I am not managing this year, and am instead, merely coaching. It's sort of driving me nuts not being in control, but I'll get over it.

Christmas

I took my normal two weeks off after Christmas, and promptly got sicker than I was all year. During the coarse of 2008, I took two sick days off from work. While on vacation, I was bed ridden for nearly three days. That'll teach me...

Other than that, we had a very nice Christmas and New Years. No Christmas cards were sent this year, due to the ebola plague that swept through the house. I like to think of it as a minor inconvenience to our friends, and a minor bonus for the tress.

Tech-talk

The day after Thanksgiving, I braved Fry's and purchased parts for a new computer at prices almost too good to be true. Actually, they were too good to be true because of those damn rebates. Here it is, four months later, and I am still waiting on my final rebate to arrive from Abit.
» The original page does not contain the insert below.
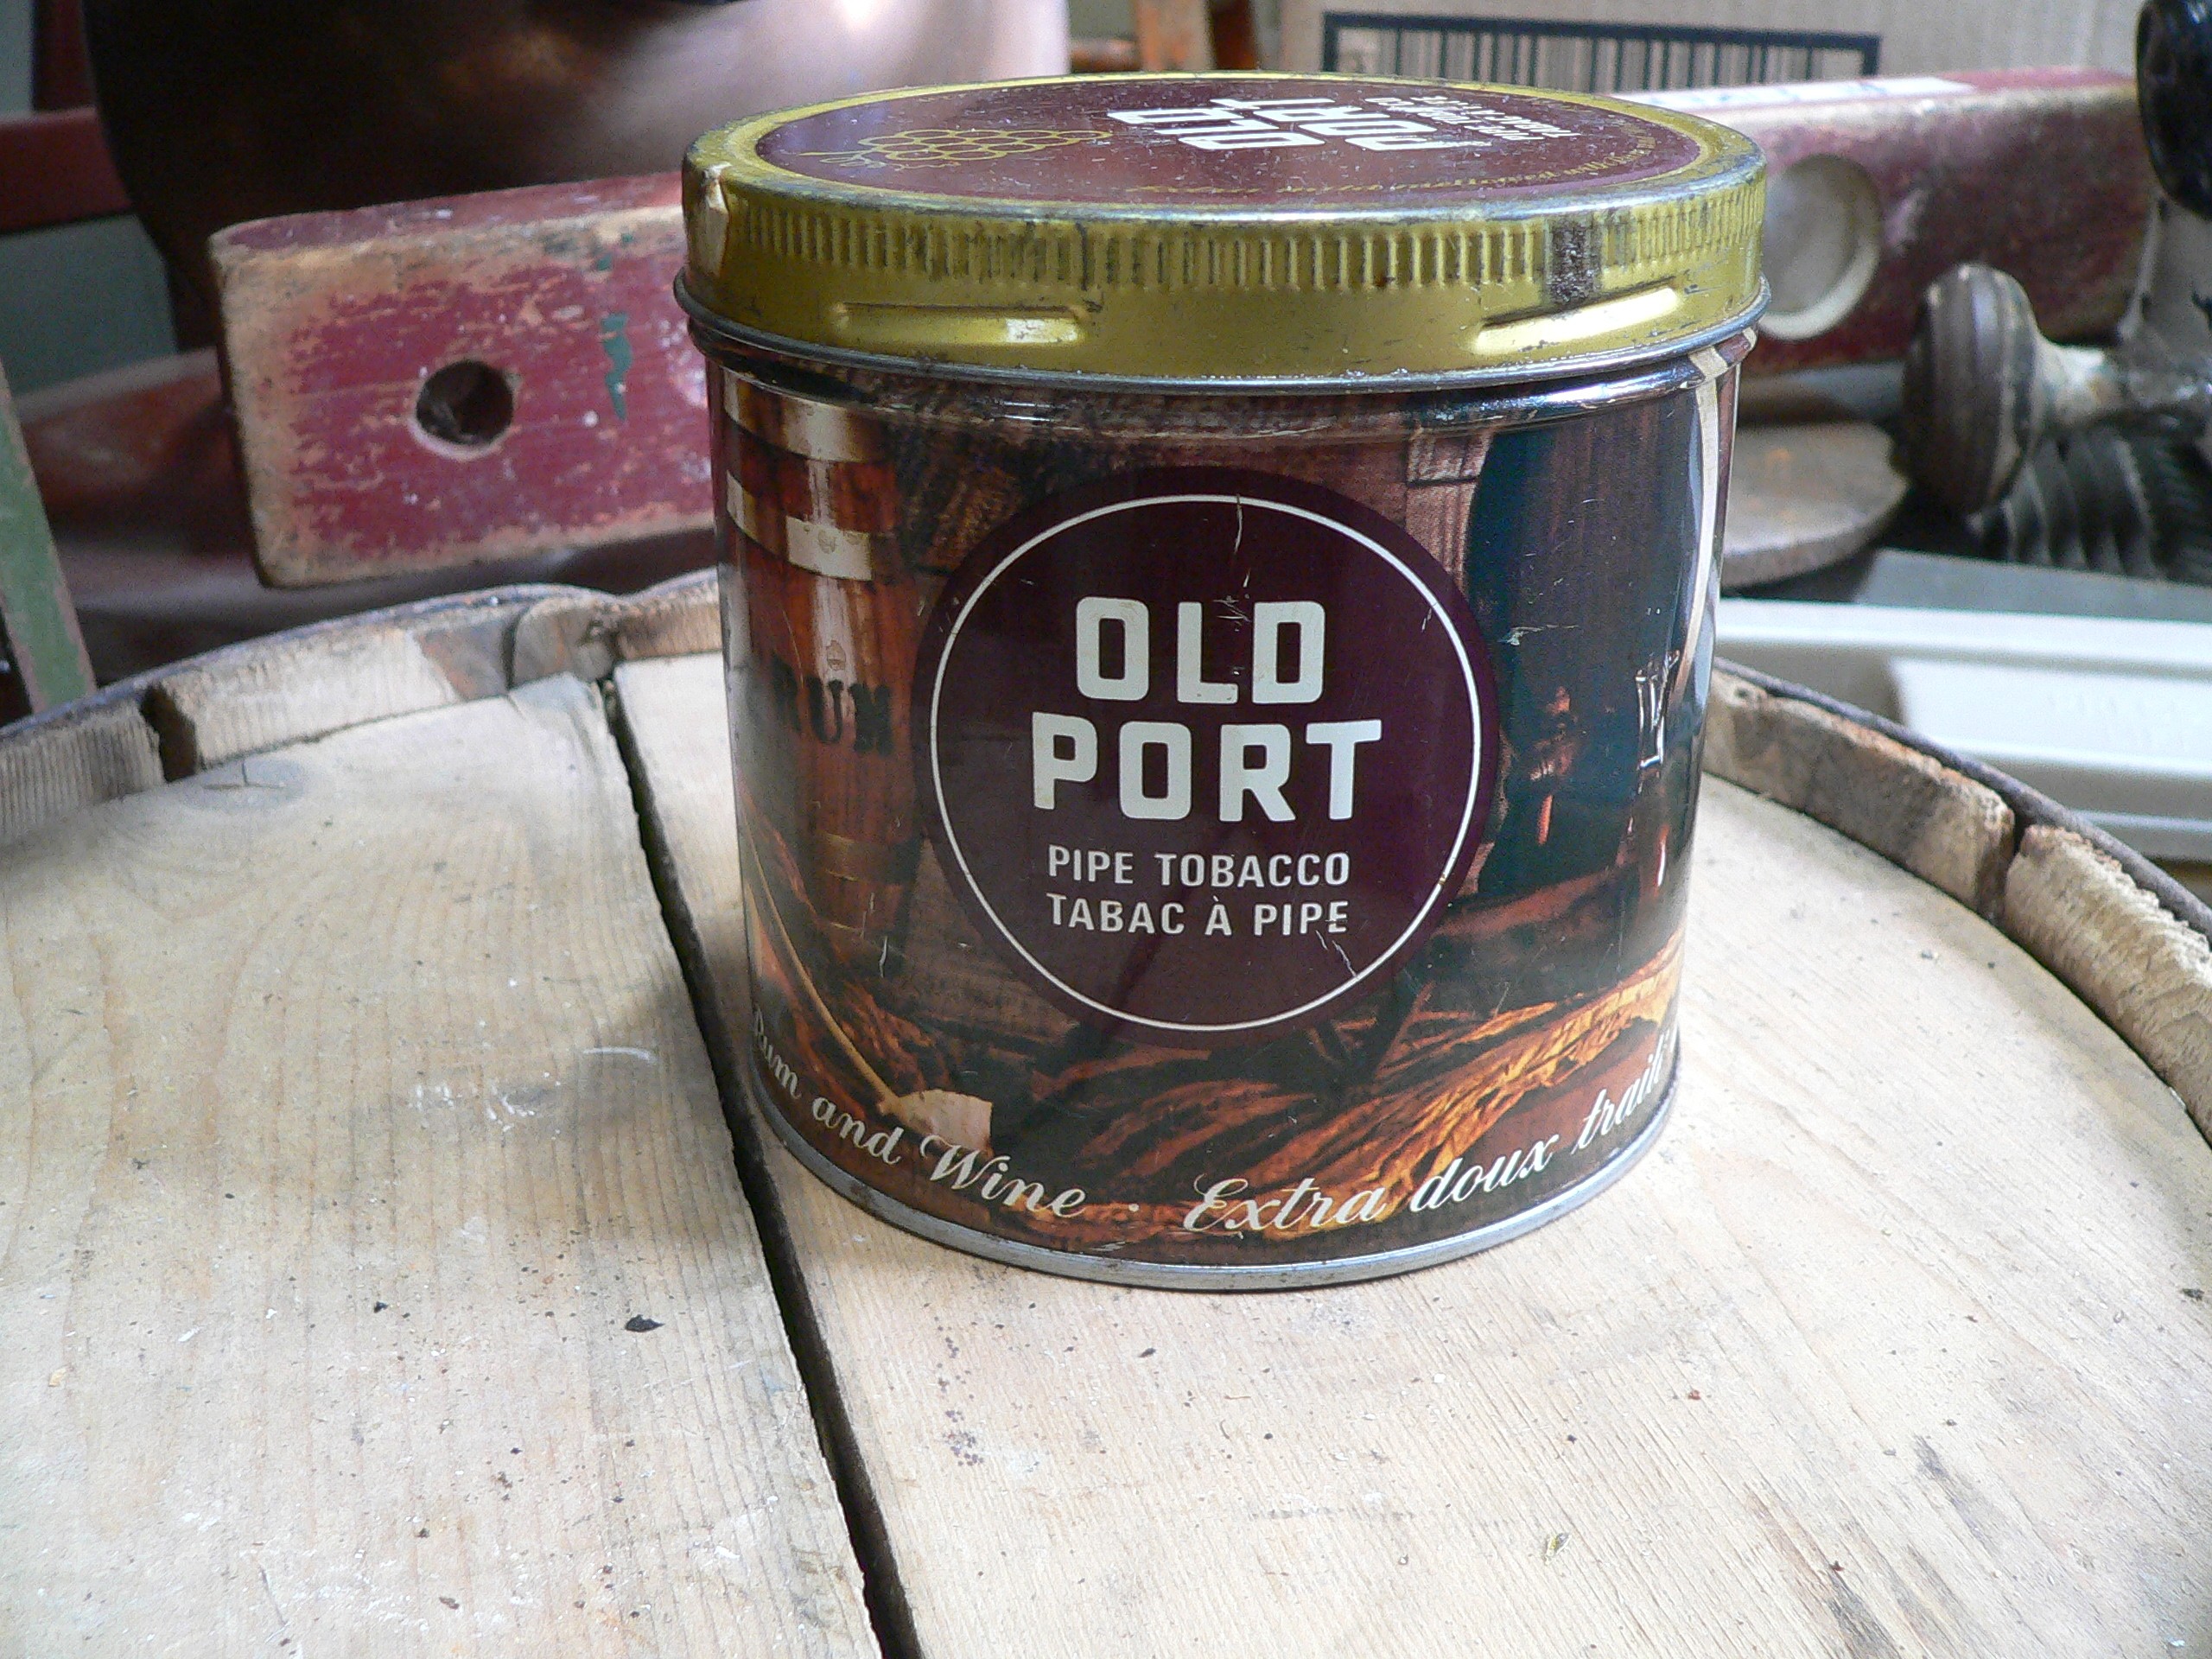 Canne de tabac old port # 7311.17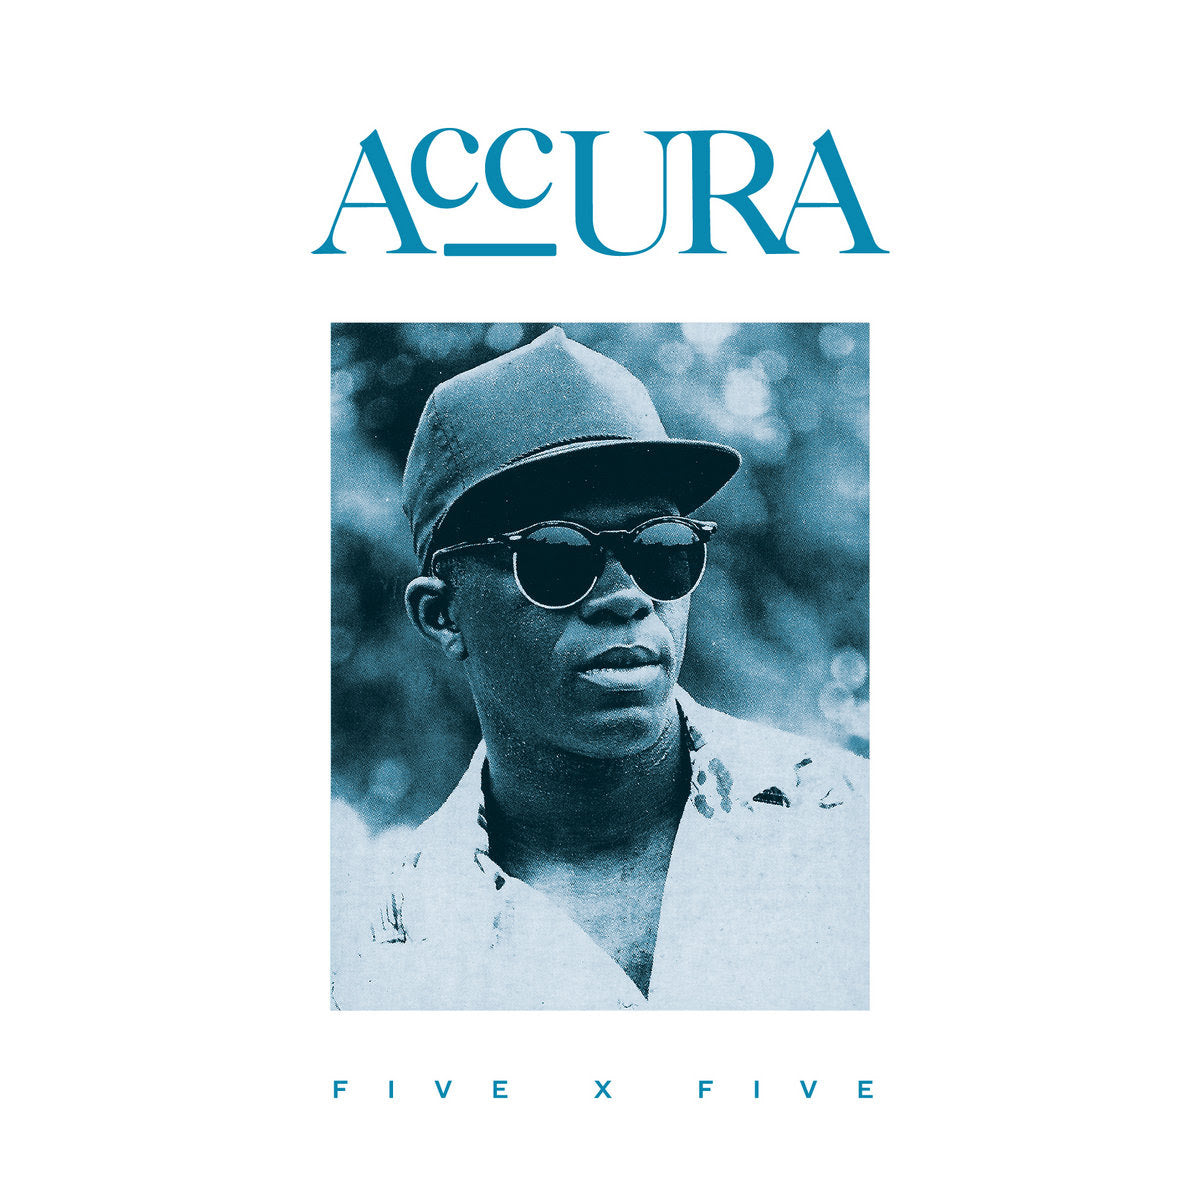 ACCURA - FIVE X FIVE Vinyl LP

The system is an Intel Core Duo 2.6 Ghz machine with 2 GB ram, and nice Nvidia video card, and a decent SATA hard drive. It plays Team Fortress 2 beautifully, and I haven't really bought any other recent games due to time limitations. It should last me for the next couple of years easily.

So, that is a very brief update of what I've been doing over these last few months. I'll try to update the blog a bit more regularly as time and obligations permit.